As Gkull said,dual planes vs. single plane intakes on the same engine makes for a whole new ball of wax. My 406 ran a RPM intake for years and the plugs were always sooty black. When I swapped to the Vic Jr.,with a cam change,they went albino white. I rejetted 4 sizes BIGGER,changed my power valve from 6.5 to 4.5,drilled my idle feed restrictors from .031 to .036,and am now playing with idle air bleeds.
Every change I made was run for a week and plugs were pulled to guage the progress at the end of a week. You can't just wave a magic wand and expect the right combination of parts to jump out of a hat.
Did you ever think of changing the power valves to about a 2.5,?
I think you have an open circuit in the carb because of not enough vacuum to hold the power valve closed until needed.
This makes holley run very rich.
I have a 750 dual inlet. On top of a 350 with alum heads a lunati 235°/240° duration at .050, .490/.490 in. lift, 112° lobe sepration cam, and a dual plane holley street dominator intake. I'm thinking I should change my power vlave also, the stock one should be a 6.5 right? I don't have much vac at idle.
Alright, I have a question. I pulled off one of my headers to wrap it and pulled the plugs to get it out. The all of the plugs look like I'm not getting enough fuel they are white. And one tube of the header has white in it. The rest are sooty with buildup. What is the deal here? I will post pictures later.
It depends on which plugs came out white and which ones came out sooty. You refuse to state which list Holley (there are many varieties of 750cfm dual feed Holleys and it does make a difference) you have so we're just going to go with a garden variety 3310. You should have 72s in the primary. The secondary uses a metering plate, but the jet size comes out to a 78.

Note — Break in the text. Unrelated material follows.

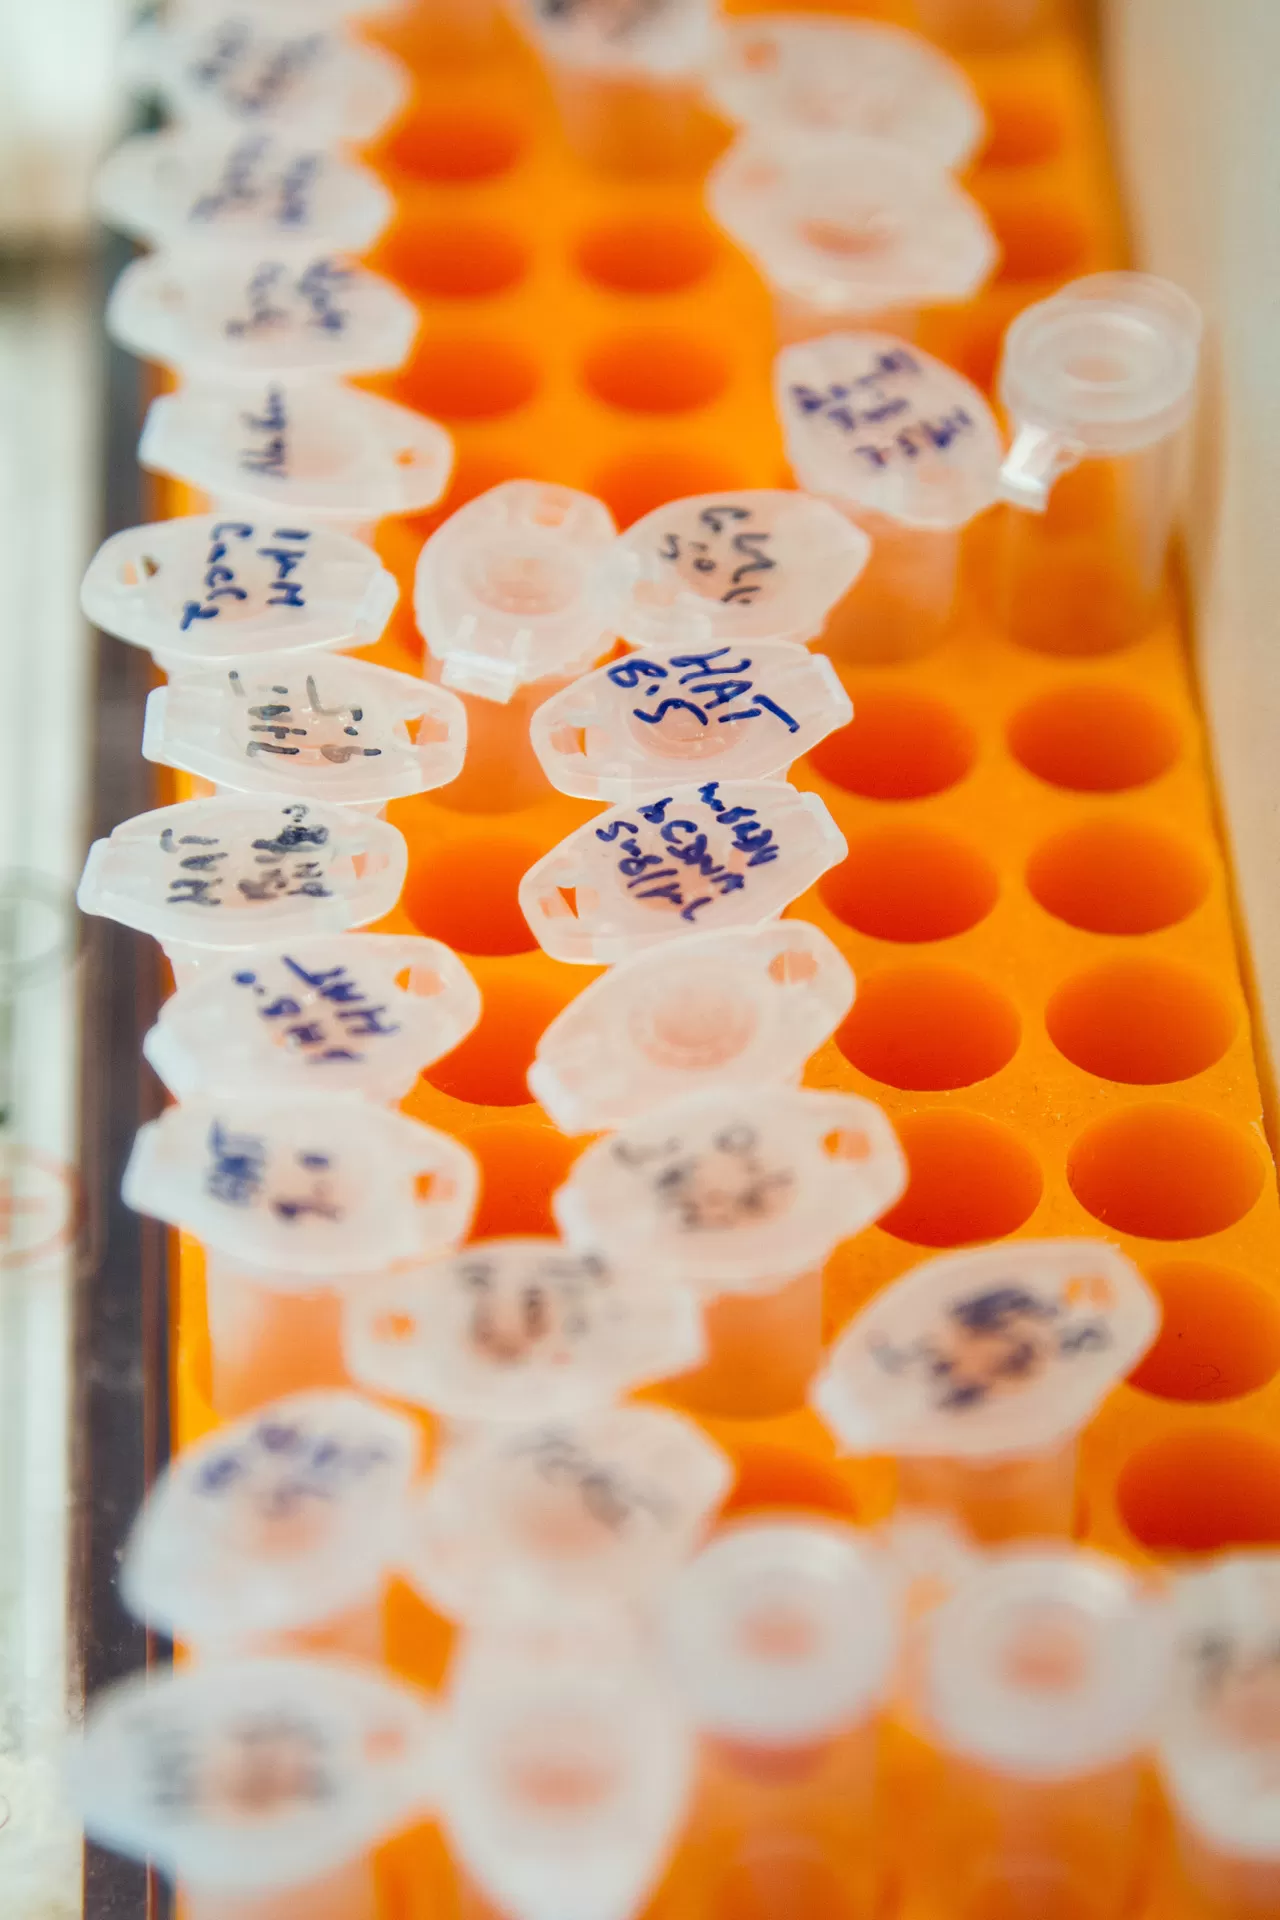 Mikrozentrifugenröhrchen mit DNA-Proben und Primer in einem Gestell.

If the plugs follow the path of the carburetor to the intake's plenum (the cylinders that are joined on one side of the carb), then you probably have a carburetor issue on that one side. It may be a dirty air bleed, a bent butterfly, bad gasket, or anything else that would allow more fuel on one side of the carb. You just have to go through the carb. I doubt that you'll solve your problem with a power valve. A 6.5 works very well in most setups. You would look to the power valve if you had a very dirty cruise (power valve opening too soon and making cruise A/F ratio too rich) or a stumble on a heavy pedal(too late PV making the tip in lean).
Also, the 3310-2 and beyond were intended for the big inch engines of the day (the 454s) and have a notoriously rich idle circuit. It helps on smaller engines to restrict the idle fuel channel. A .010-.012 wire works well on 383-400 inch engines. A 350 will probably do better with a .015 wire. Getting a cleaner idle A/F ratio will smooth out the engine and give the idle mixture screws some sensitivity.

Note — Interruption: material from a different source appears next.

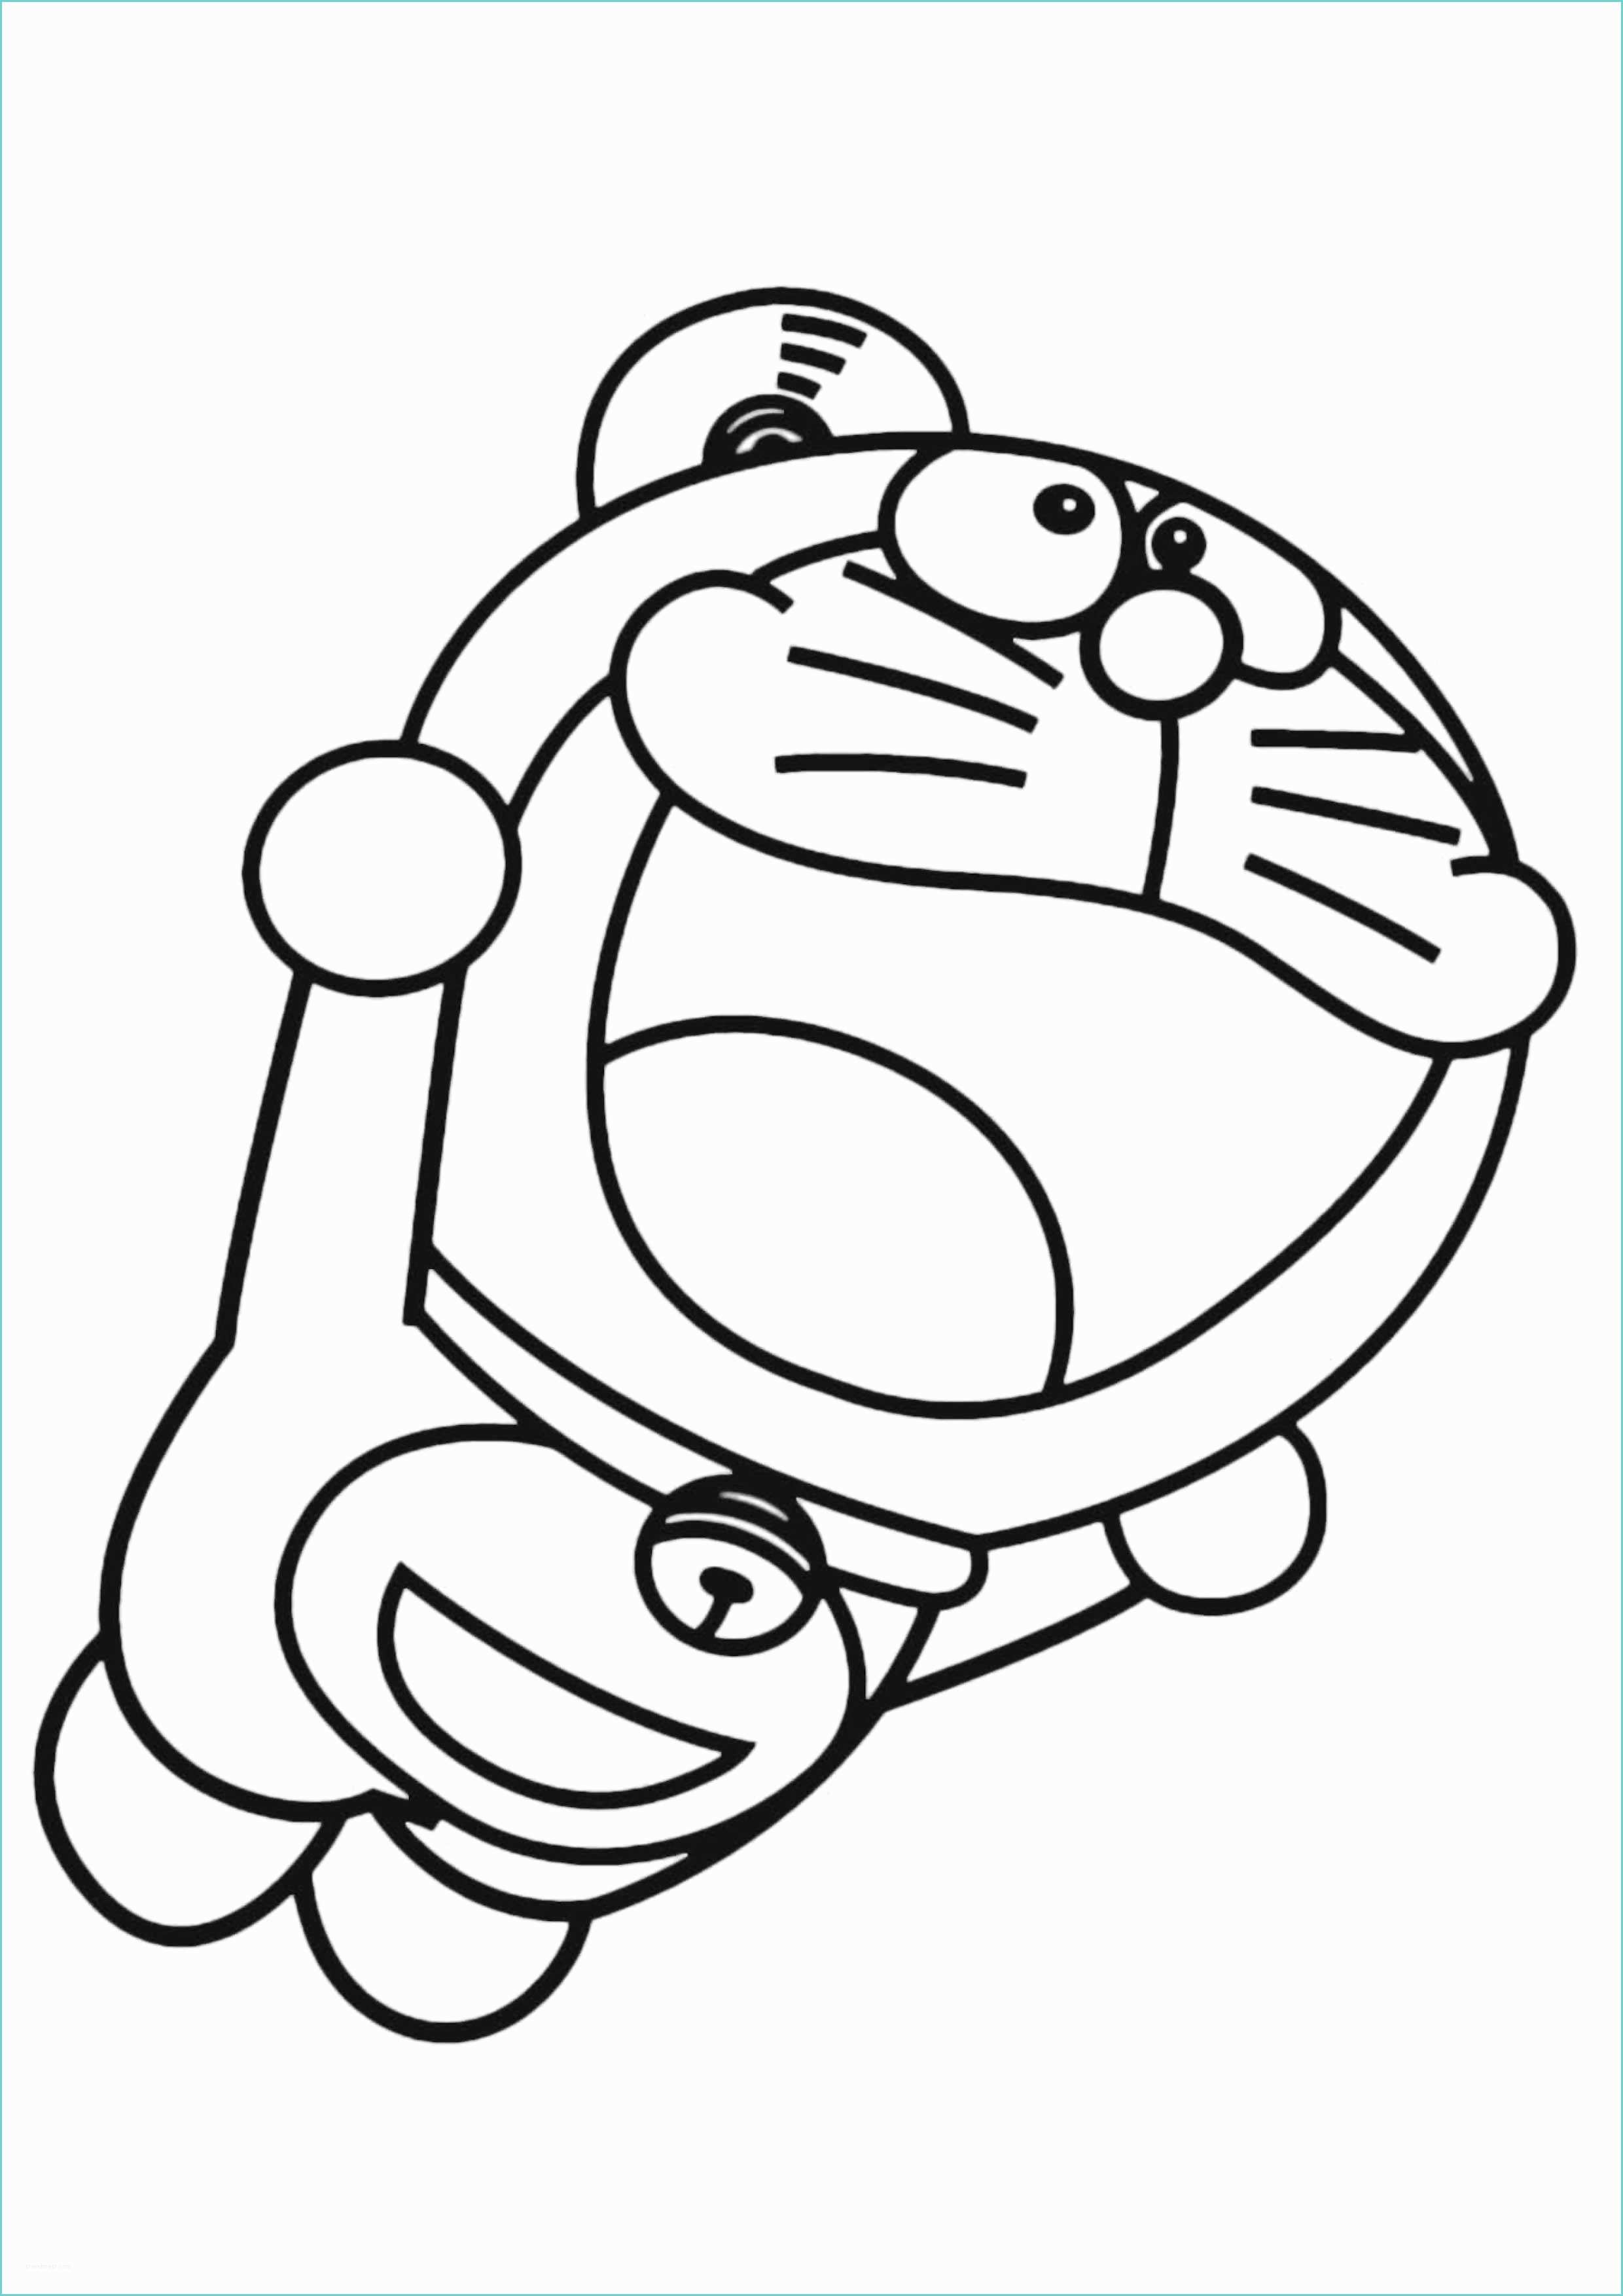 Disegni Di Doraemon 28 Disegni Di Doraemon Da Colorare

Your issue is further compounded by a big cam and a lot of reversion in the intake. This upsets the carb signal. And you'll probably notice that the carb gets sooty. It pays to keep it clean.

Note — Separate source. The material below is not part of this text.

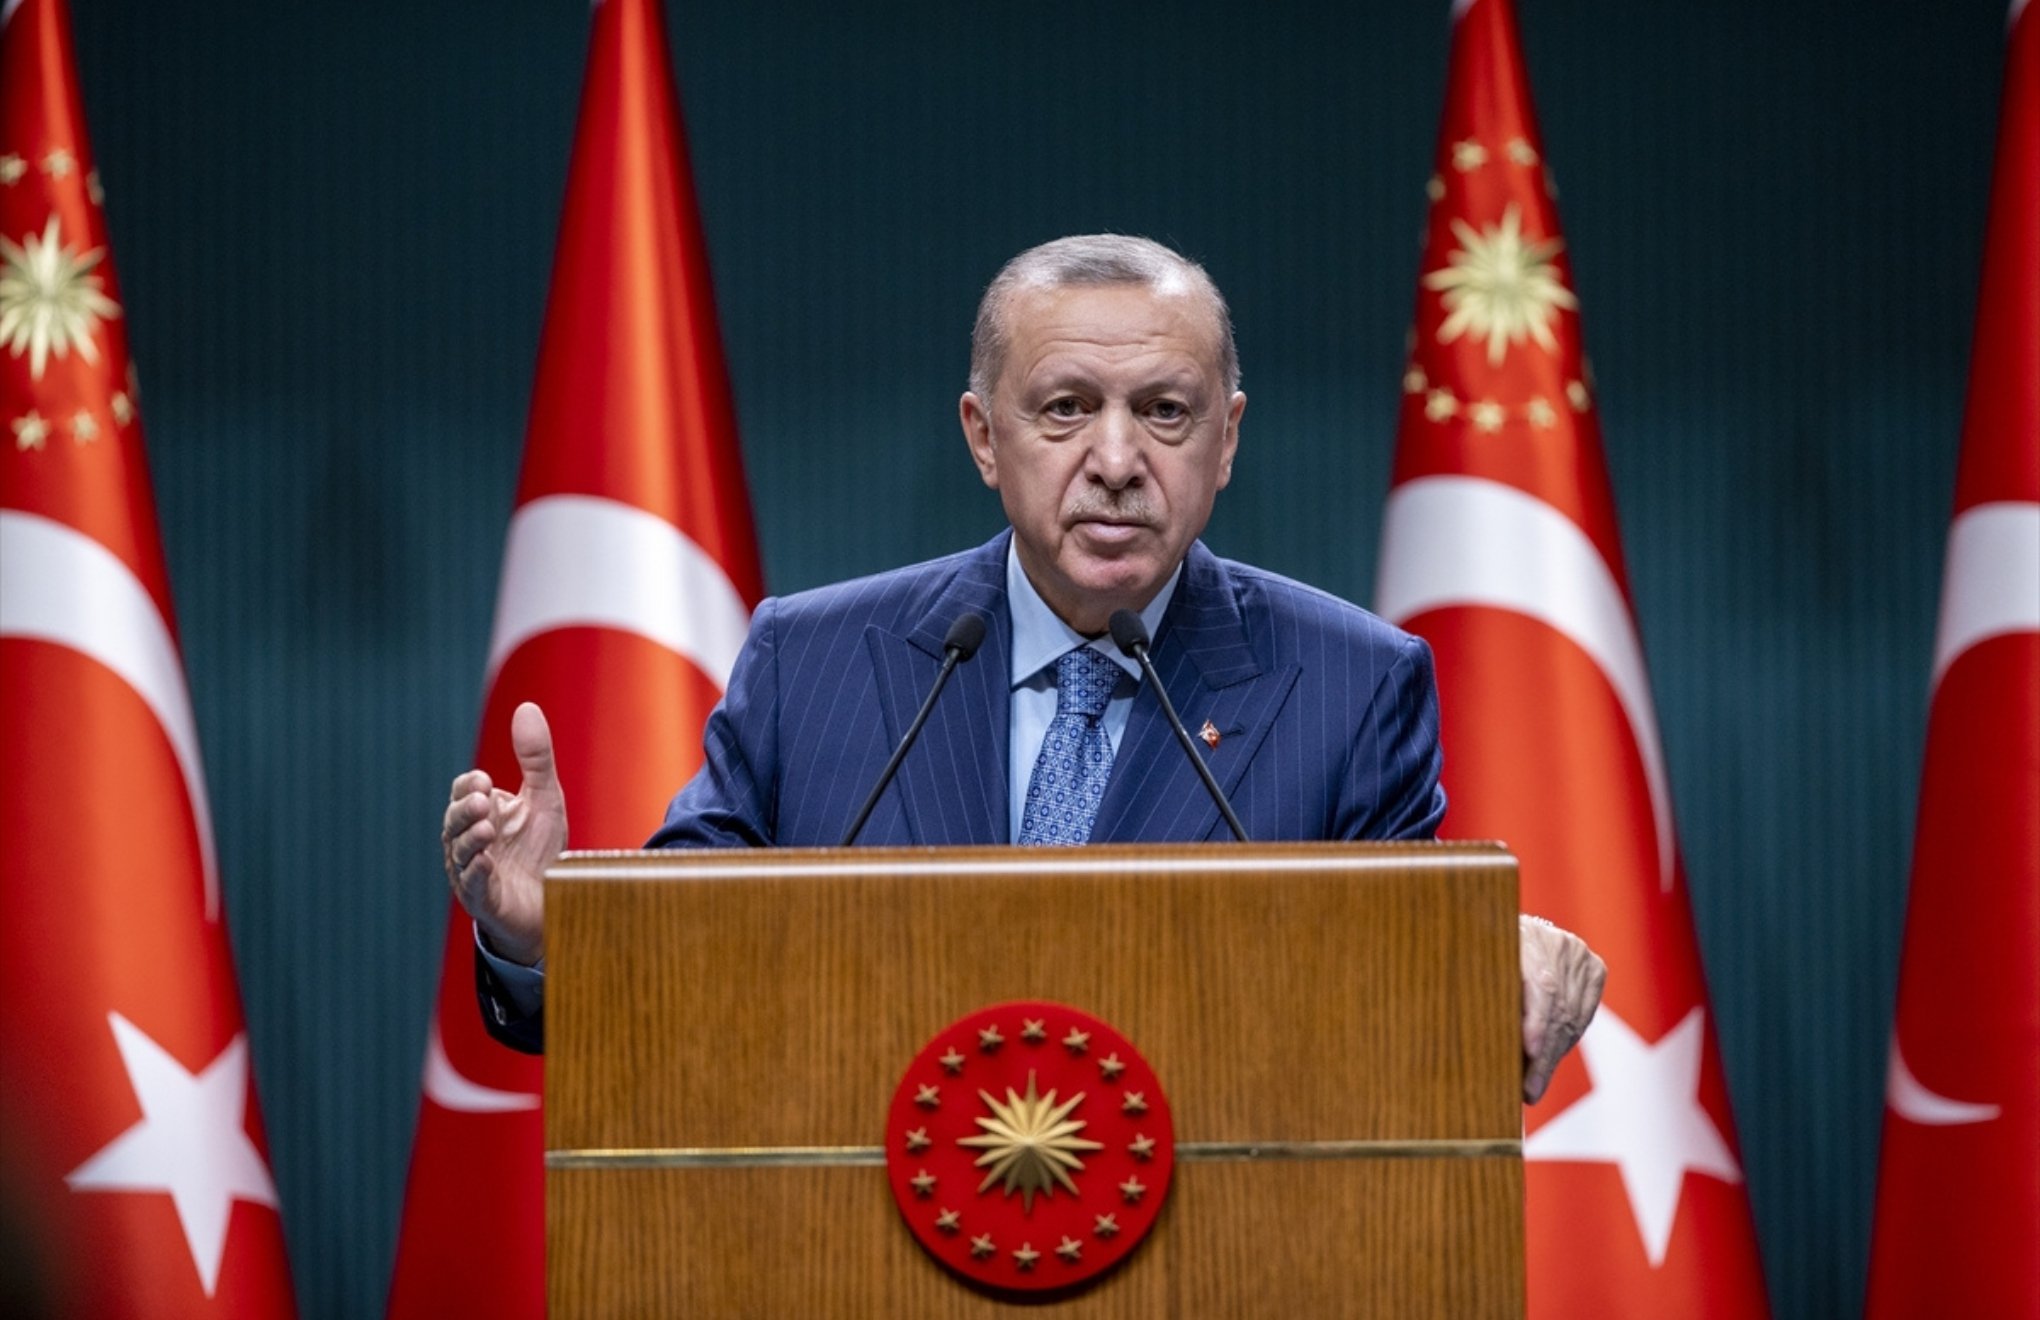 Erdoganî bi şûn de gav avêt: Armanca me ne çêkirina krîzê ye

It does stumble when I lay into the pedal hard at low rpms. And the inside of the carb does get dirty. None of the plugs really seemed sooty to me there are a couple that were darker that the others. the pictures are from left to right in order. pass 2-4-6-8 driver 1-3-5-7
I'm pretty sure this is the one: http://holley.com/0-80508S.asp
I took it out a few minutes ago and it was running very smooth, one of my spark plug boots was melted from the header and was arching. That was the reason for the one header tube not being built up with carbon. That still doesn't tell me why my plugs were not very dark but my exhaust is full of crap.